SUPPLIED MATERIAL: Begin

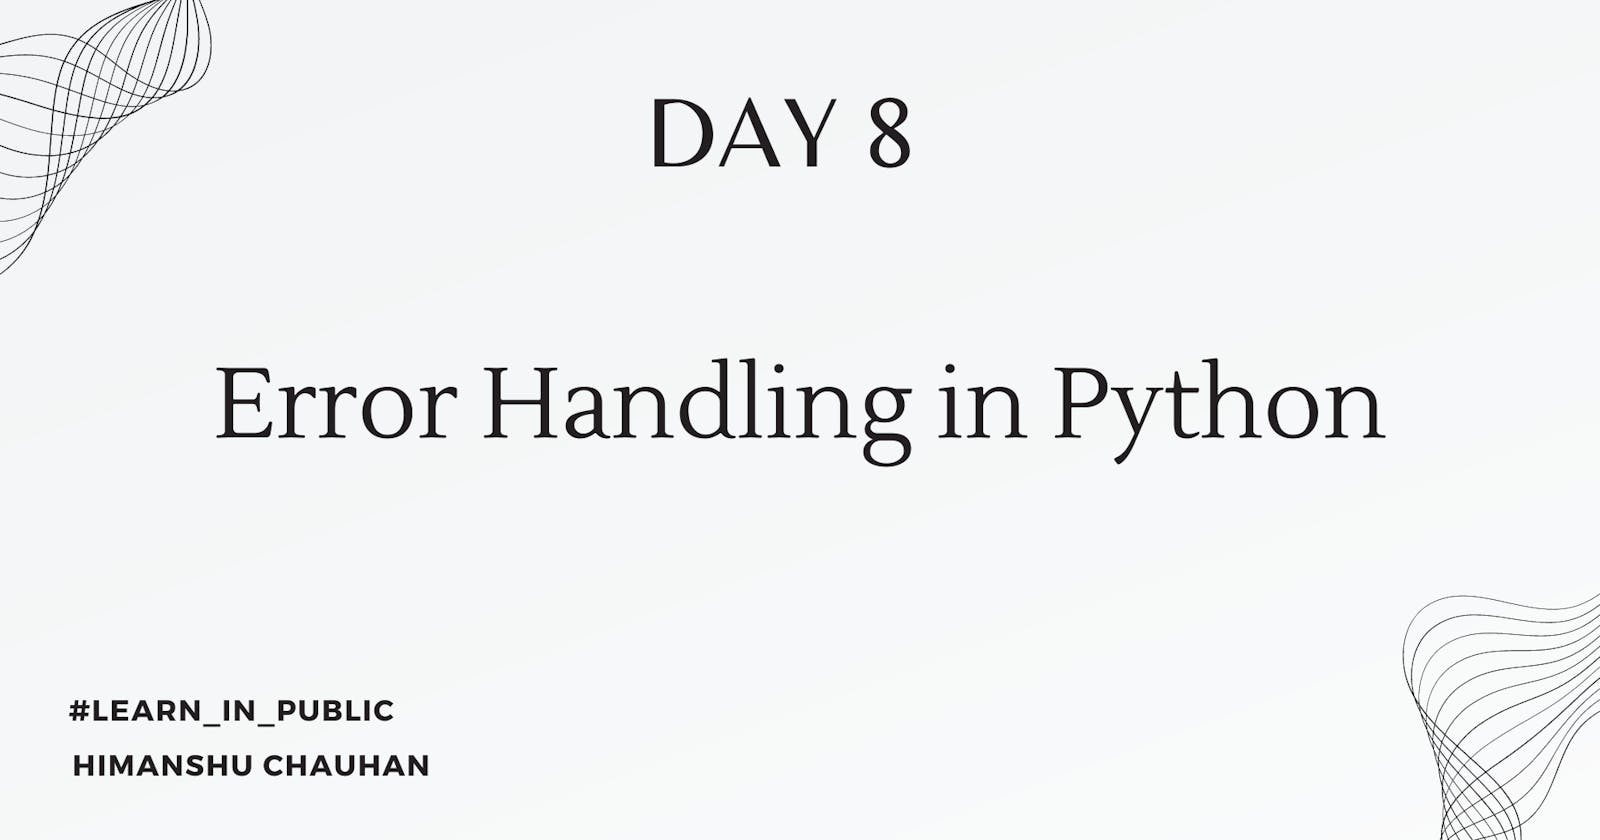 Day 8: Error Handling in Python
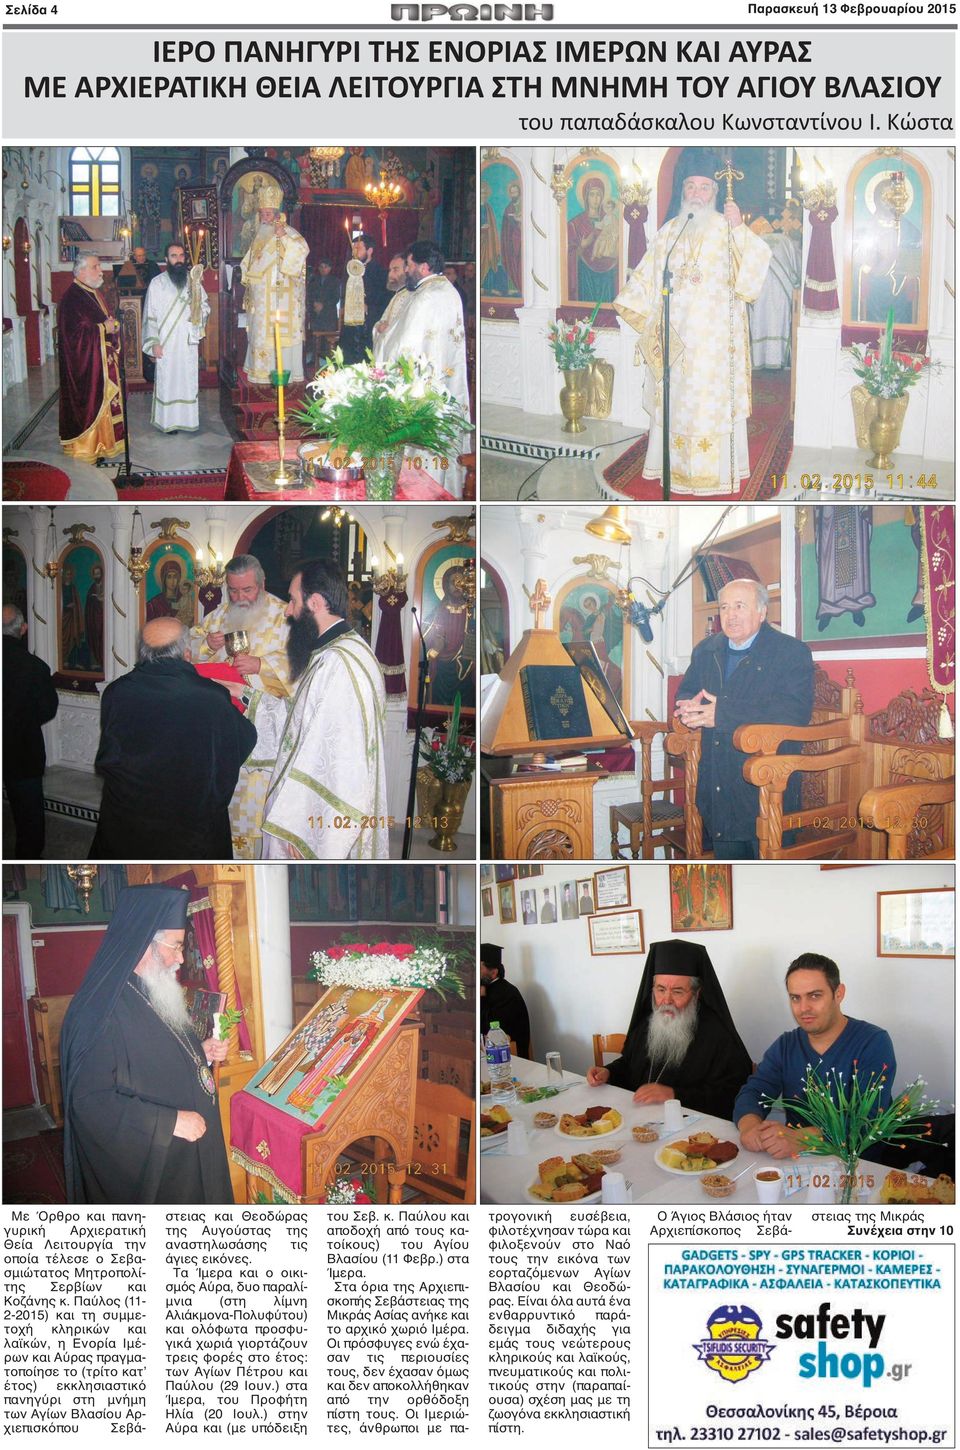 Παύλος (11-2-2015) και τη συμμετοχή κληρικών και λαϊκών, η Ενορία Ιμέρων και Αύρας πραγματοποίησε το (τρίτο κατ έτος) εκκλησιαστικό πανηγύρι στη μνήμη των Αγίων Βλασίου Αρχιεπισκόπου Σεβάστειας και
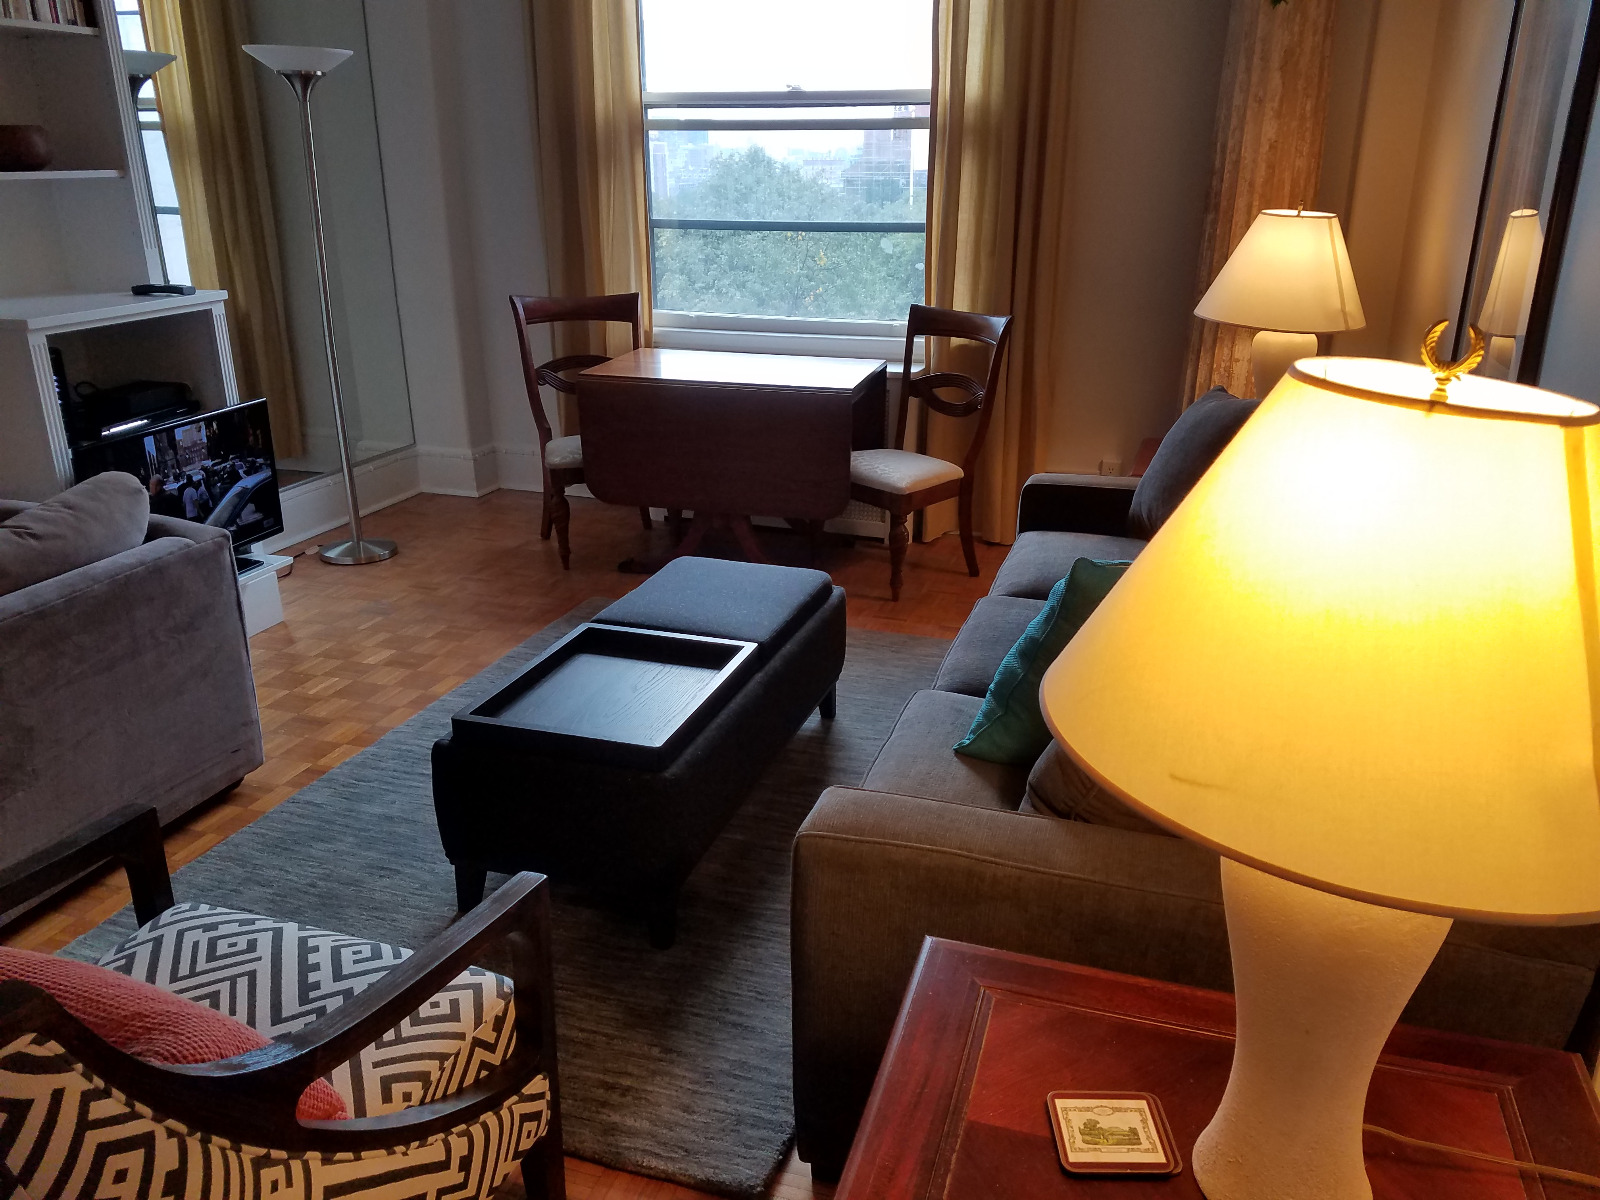 Photos of apartment on Beacon St.,Boston MA 02108
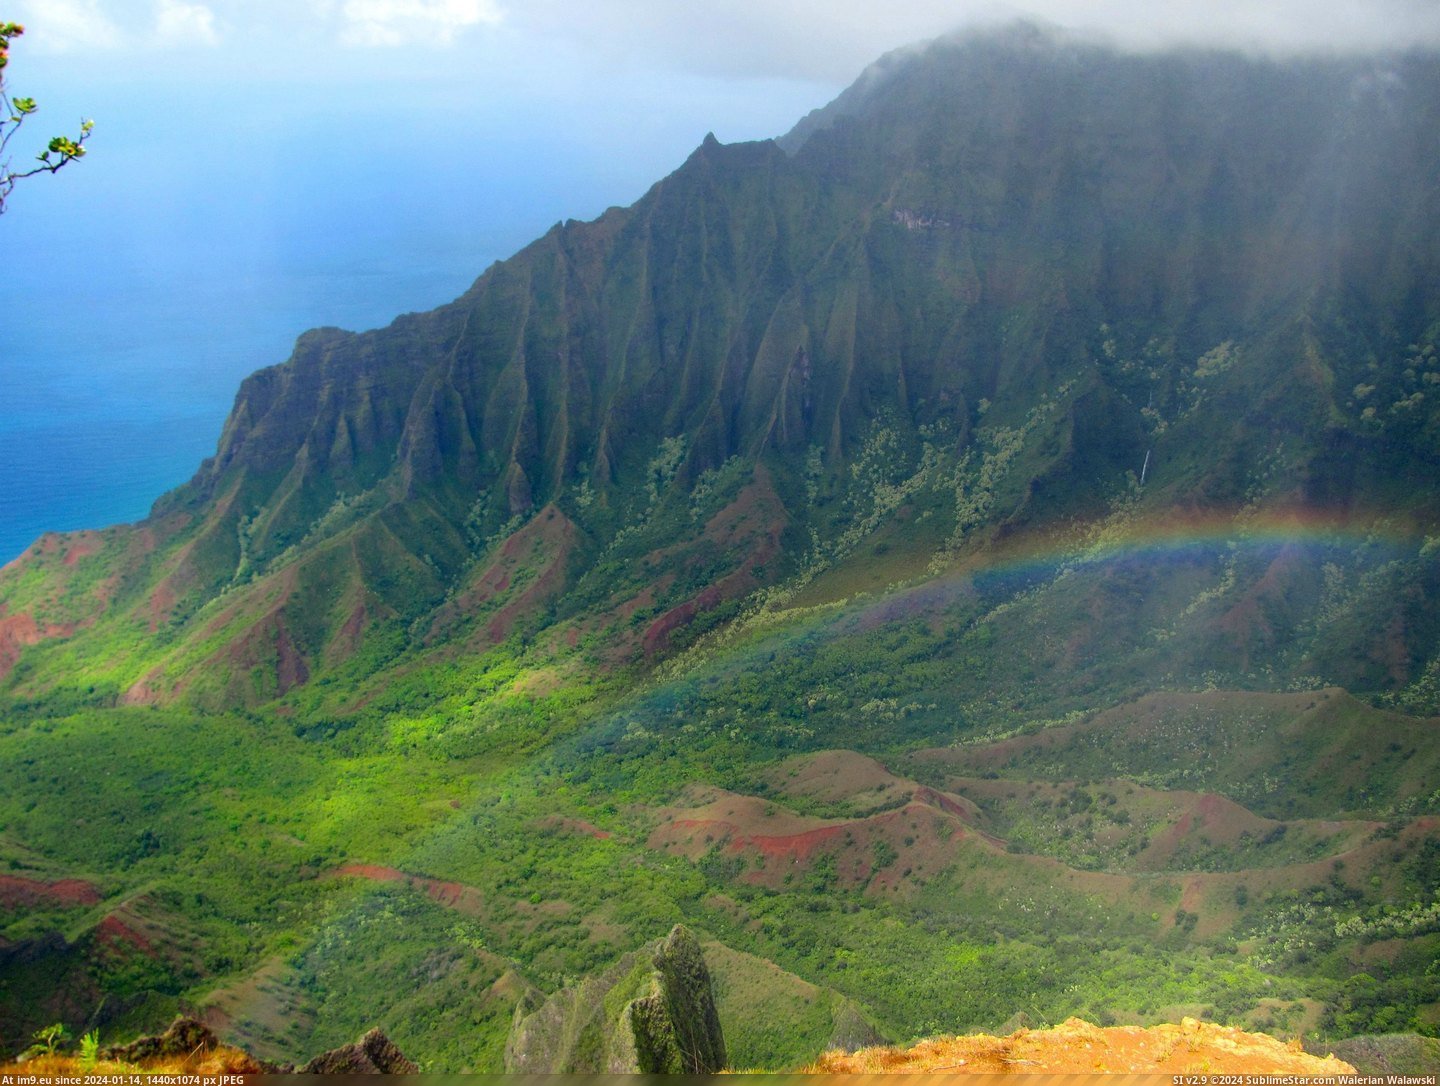 #Valley #Hawaii #Kauai #Kalalau #Trail #Ridge [Earthporn] Kalalau Valley from the Kalepa Ridge Trail - Kauai, Hawaii [OC] [3468 x 2736] Pic. (Image of album My r/EARTHPORN favs))
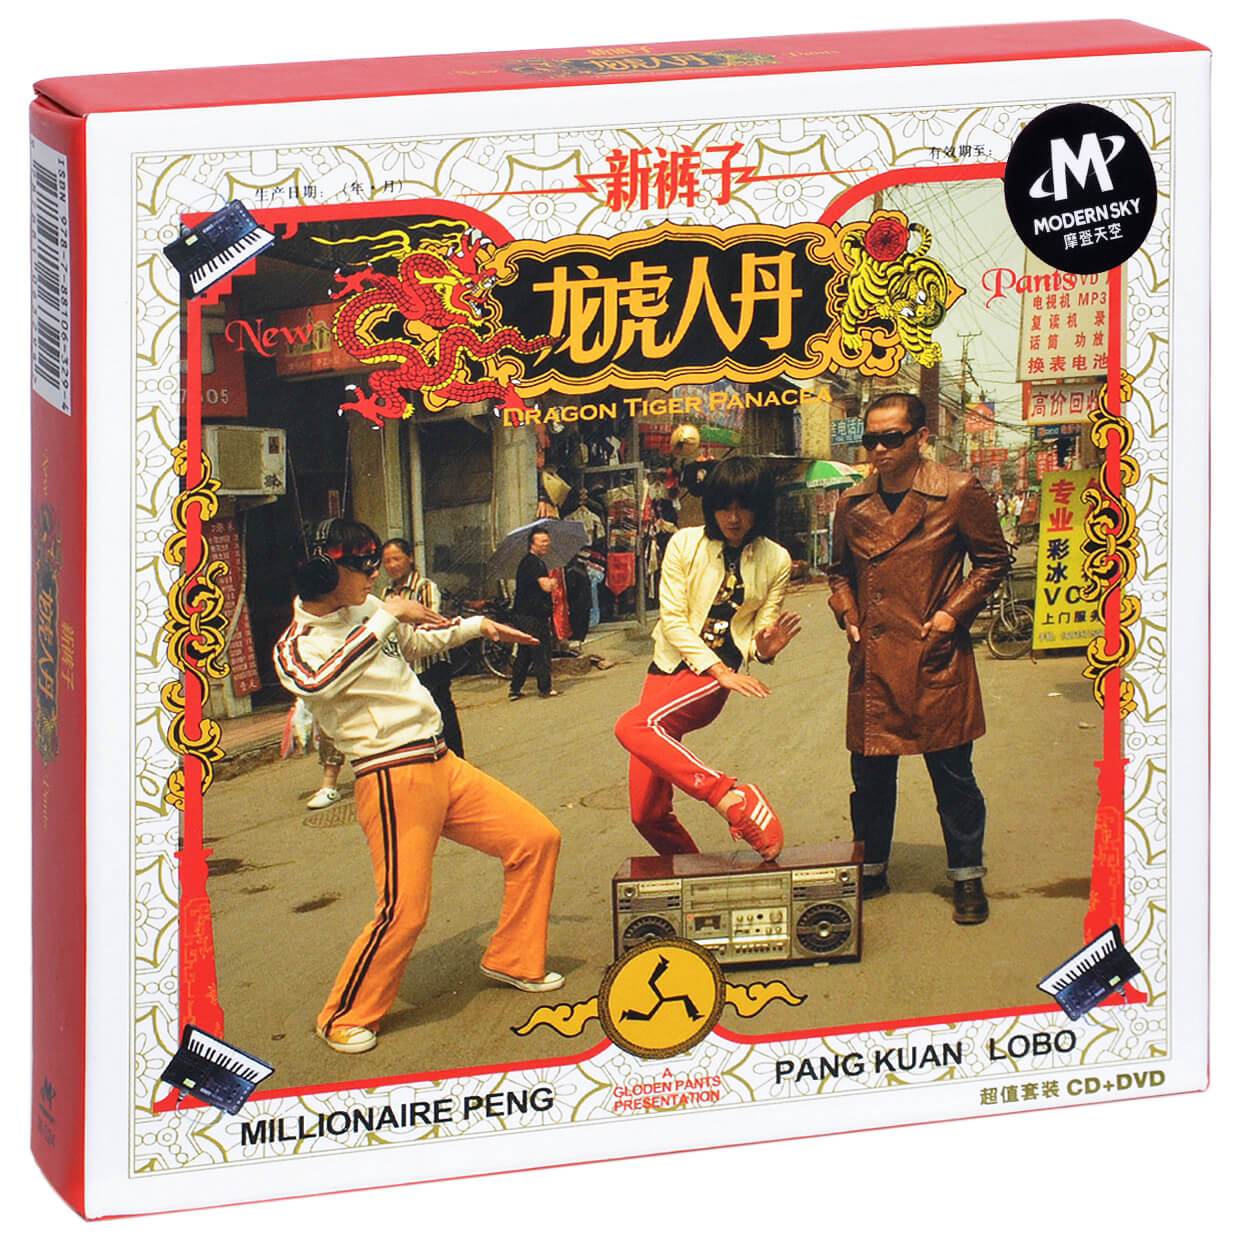 正版新裤子乐队龙虎人丹2006专辑摩登天空唱片cd
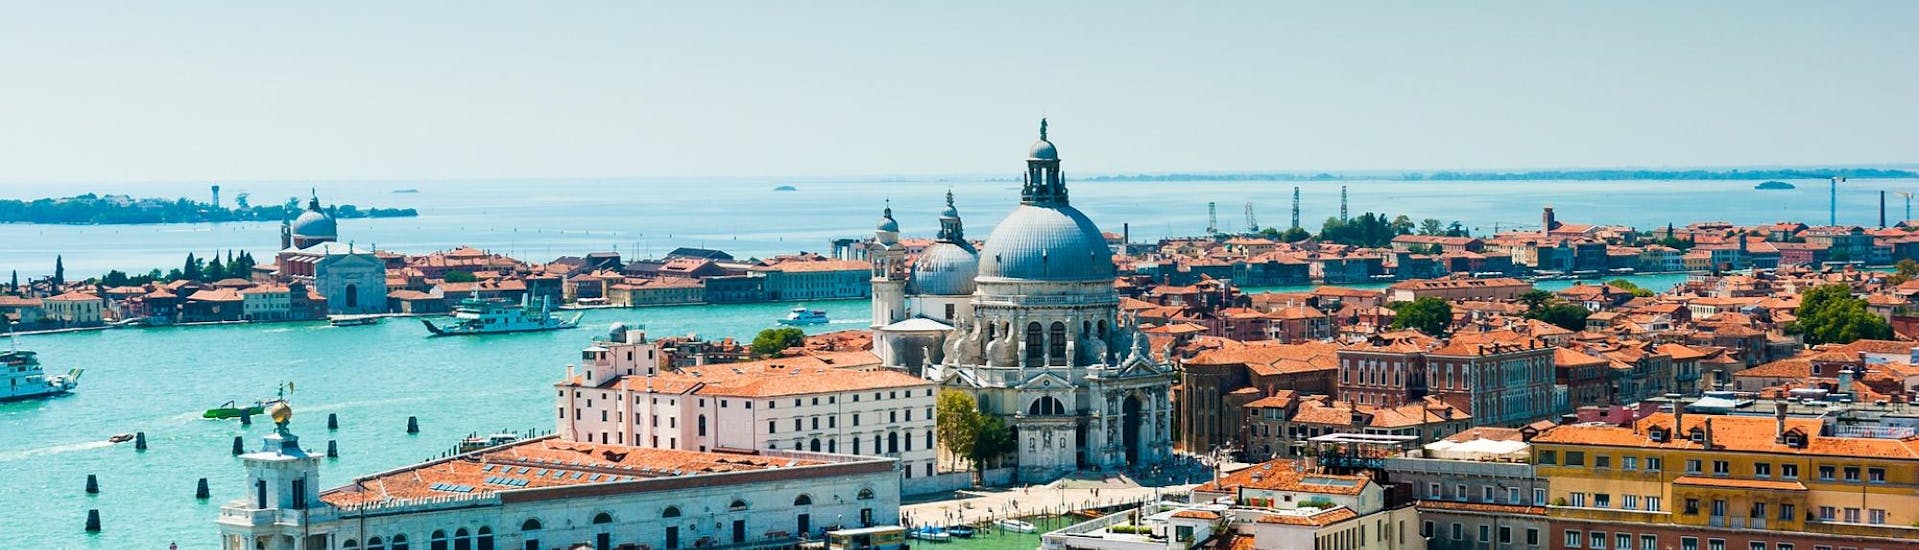 Vue panoramique de Venise que vous pourrez visiter lors de la balade en bateau à Murano et Burano tout en passant la matinée à Venise avec Il Doge di Venezia.

SUPPLIED MATERIAL: End

REQUIRED WORK: With pictures left out, extract the lines from the one containing "#Valley #Hawaii #Kauai" to the end of the material above, both included, exactly as written.

RESULT FOR THIS TASK:
 #Valley #Hawaii #Kauai #Kalalau #Trail #Ridge [Earthporn] Kalalau Valley from the Kalepa Ridge Trail - Kauai, Hawaii [OC] [3468 x 2736] Pic. (Image of album My r/EARTHPORN favs))
 正版新裤子乐队龙虎人丹2006专辑摩登天空唱片cd
 Vue panoramique de Venise que vous pourrez visiter lors de la balade en bateau à Murano et Burano tout en passant la matinée à Venise avec Il Doge di Venezia.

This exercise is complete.